Why Create a New Brand?
So, if the bicycle is part of Harley-Davidson’s origin story, why is it being released under a new brand? According to Frank, it was a question of agility.
“Ultimately, it comes down to the ability to structure the business in a way that allows us to apply the most focus to the bicycle space,” Frank says. “Harley-Davidson is a big and well-established brand that has a lot of stuff going on in the motorcycle space. … For us to really be responsive and be agile…it makes sense to have a little bit of separation from Harley-Davidson and to be our own voice. So, we arrived at this compromise where it’s Serial 1, powered by Harley-Davidson.”
This compromise allows Serial 1 to “tap into the Harley-Davidson brand DNA,” while also giving the e-bike team the freedom to tune into the needs of cyclists without worrying about impacting Harley’s motorcycle products, retailers, or customers.
The “very, very lean” team behind Serial 1 is made up of a handful of full-timers and “an army of contractors,” Frank says. The engineering and product development teams are based in space that Serial 1 leases from its parent on the Harley-Davidson headquarters campus in Milwaukee. The e-commerce and digital development teams have found a new home in Salt Lake City, which Frank says “is becoming a little bit of a tech hub right now.” And the spin-off is continuing to hire in the fourth quarter in Salt Lake City.

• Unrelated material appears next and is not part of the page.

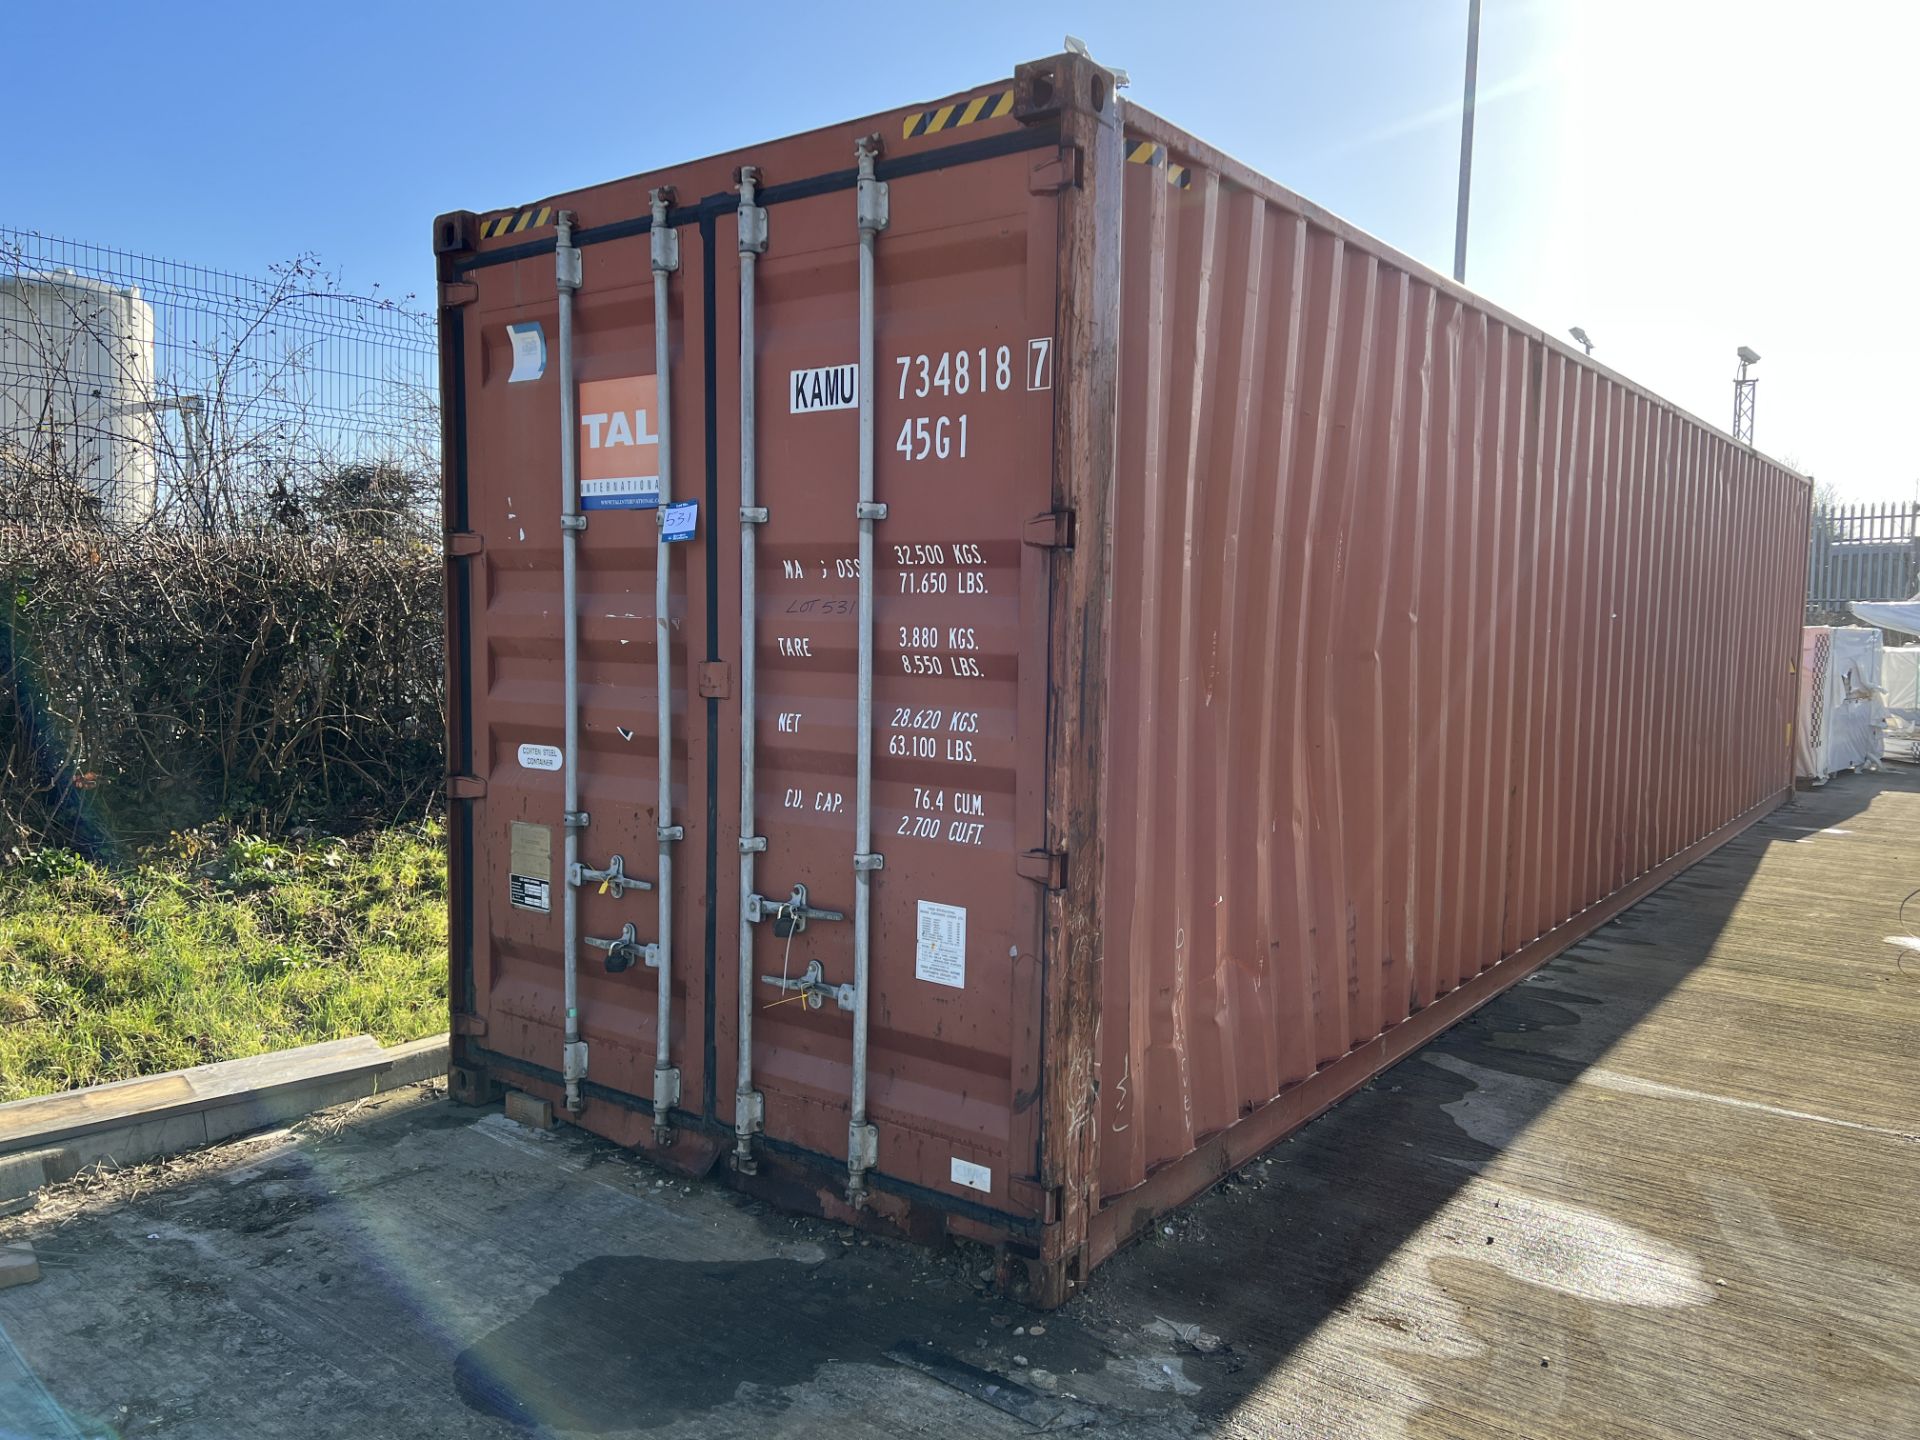 Tai International Container Corp 12m (L) x 2.4m (W) x 2.9 m (H) steel shipping container with double
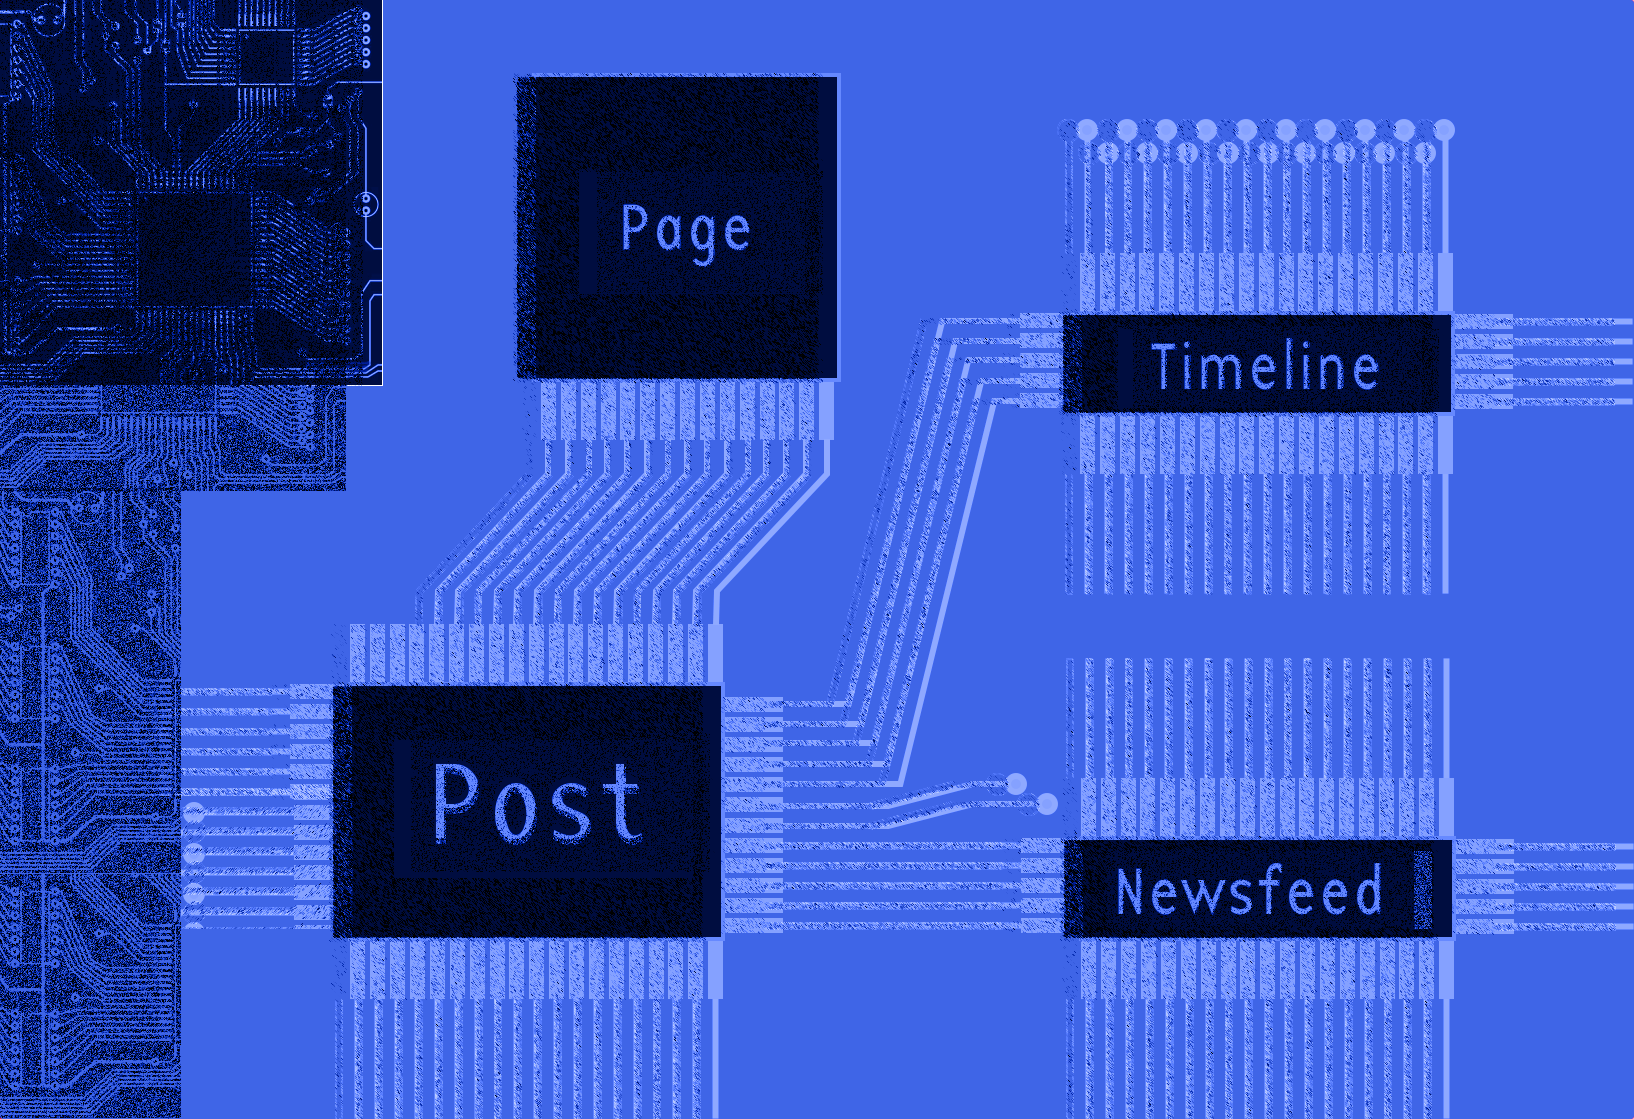 The product architecture of the post

Looking Back & Thinking Ahead
While history plays a huge role in the new line of e-bikes, there’s also a lot of evidence that now is the right moment to bring e-bikes to market — especially as the pandemic has consumers worried about taking crowded public transportation and about improving their health.
Around the US, Frank observes, “we have major parks that are closed to vehicular traffic right now to give people places to recreate and ride bicycles safely,” and in Milwaukee, “we have other bicycle avenues being created around the city and bike lanes being expanded.” That’s a trend that has long been evident in European countries like Denmark or the Netherlands, where cycling is built into the infrastructure. (For example, in Denmark, 90 percent of residents own a bicycle and about 44 percent of households do not own a car, according to the Cycling Embassy of Denmark.)
E-bike sales have also been surging, in the US and abroad. In March and April alone, the US experienced an 87 percent year-over-year increase in e-bike sales. In Germany, e-bike sales are lapping regular bike sales, according to The Verge. And over the summer months, sales of e-bikes and electric scooters more than tripled in the UK.
“When you look at cities in Europe or in Asia that are super futuristic-looking and forward-thinking, bicycling is the big thing there. So it’s interesting, seeing the US catching up with that… I think that New York City is trying to transform itself into Amsterdam as fast as possible to cut down on congestion and allow people easy, safe, and fun ways to get across the city.”
The hope is that with enough independence and flexibility, the Serial 1 venture can tap into that growth in the US and abroad. And Frank believes that his team has managed to balance speed, Harley’s heritage, and a rugged, rider-friendly product.
“There’s a lot of time and effort into making a unique, bespoke, authentically Harley-Davidson vehicle here,” he says. “And the fact that we did that in two years is kind of amazing.”